New clean docker containers are used for each instance (task+LLM+Agent) during evaluation (which consists of output generation, and judging). EXP-Bench currently supports evaluation against the following judges and agents, with plans to expand support in the future:
Agent: OpenHands and Iterative Agent LLMs: OpenAI models, Claude Sonnet 3.7, Claude Haiku 3.5, DeepSeek R1, Amazon Nova Pro
All commands should be executed from this directory. To run the evaluation and judging pipelines, simply build the Docker image and execute the corresponding scripts provided below.
Note: There may be a few python packages missing that need to be installed manually.

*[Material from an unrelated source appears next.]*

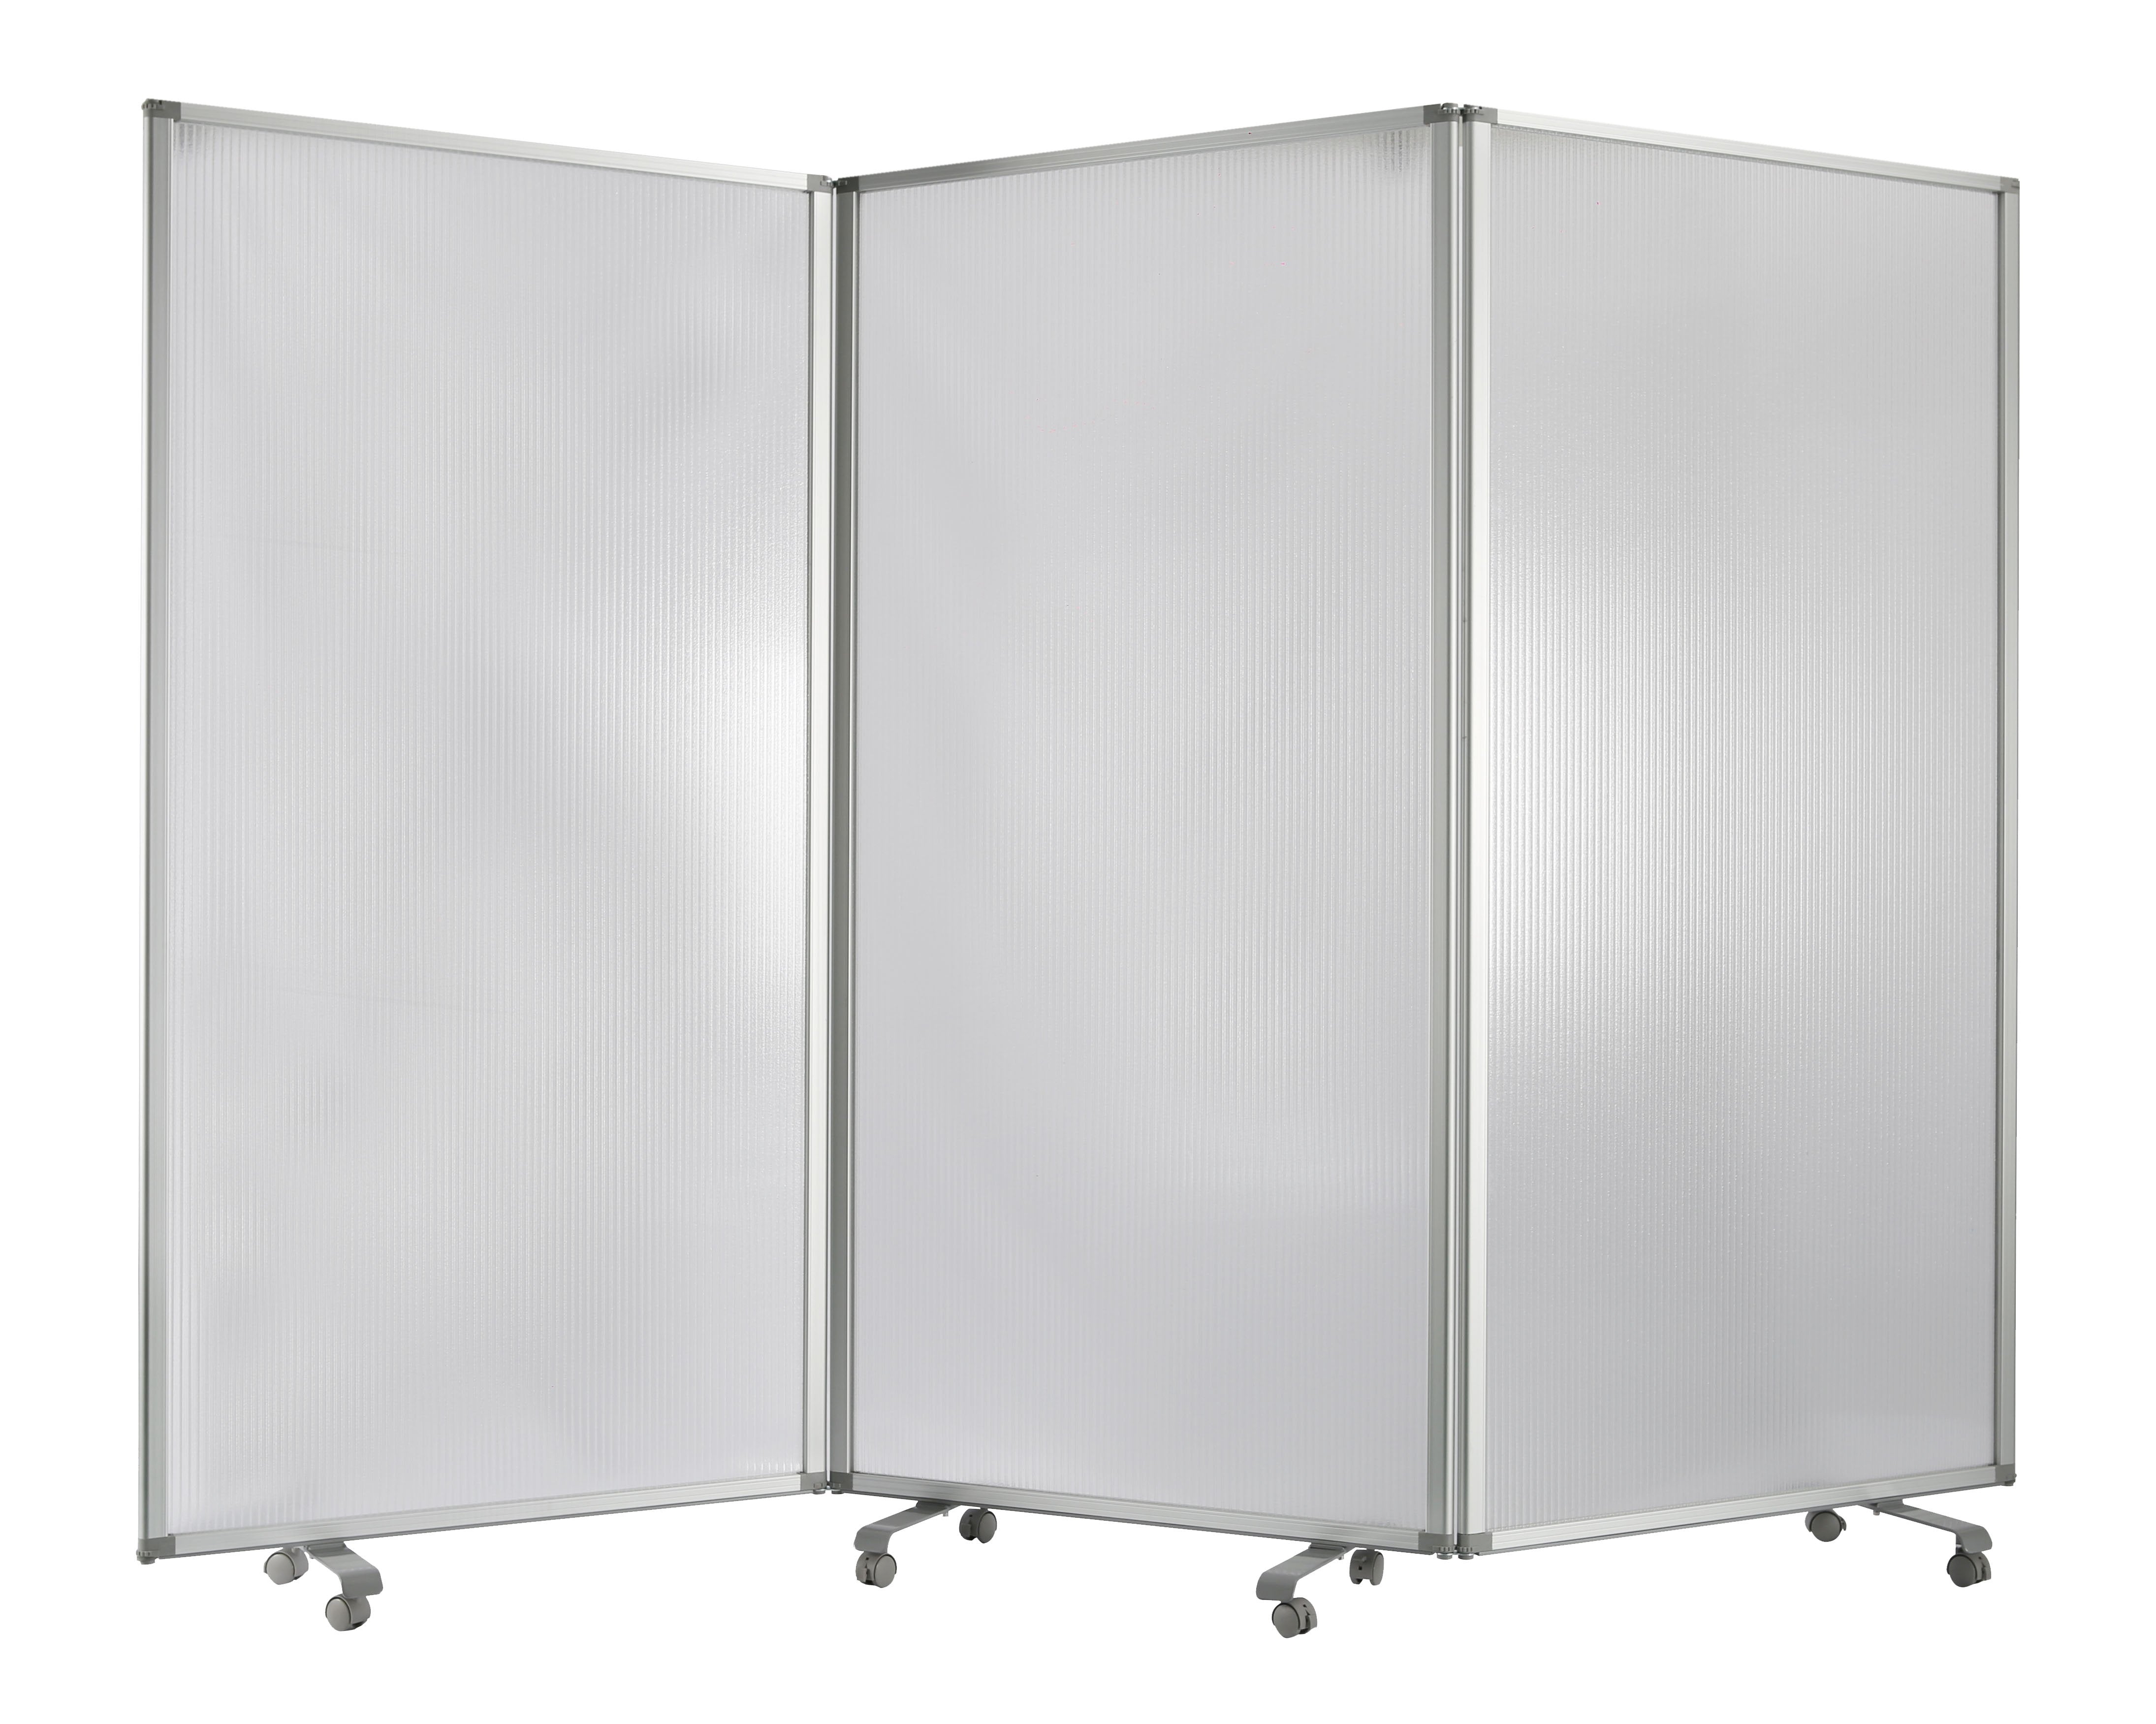 Benjara Accordion Style Plastic Inserts 3 Panel Room Divider with

Also make sure Python 3.12.4 is installed (conda is best, which we show below).
docker images -q exp-bench-image | xargs -r docker rmi -f # removes any existing conflict image
docker build --progress=plain -t exp-bench-image -f ExpDockerfile_default .
conda create -n exp-bench python=3.12.4
conda activate exp-bench
pip install -e . # this needs to be executed in the conda env that you just activated
These scripts will generate outputs within the folder outputs/evaluation
.
Make sure you have configured evaluation/config/parallel_eval_gen_config_template.json
with the correct parameters, e.g., LLM config and Agent name.
python evaluation/parallel_eval.py
The following config will work for Inspect Agent, though make sure to set the other parameters correctly, e.g., LLM config.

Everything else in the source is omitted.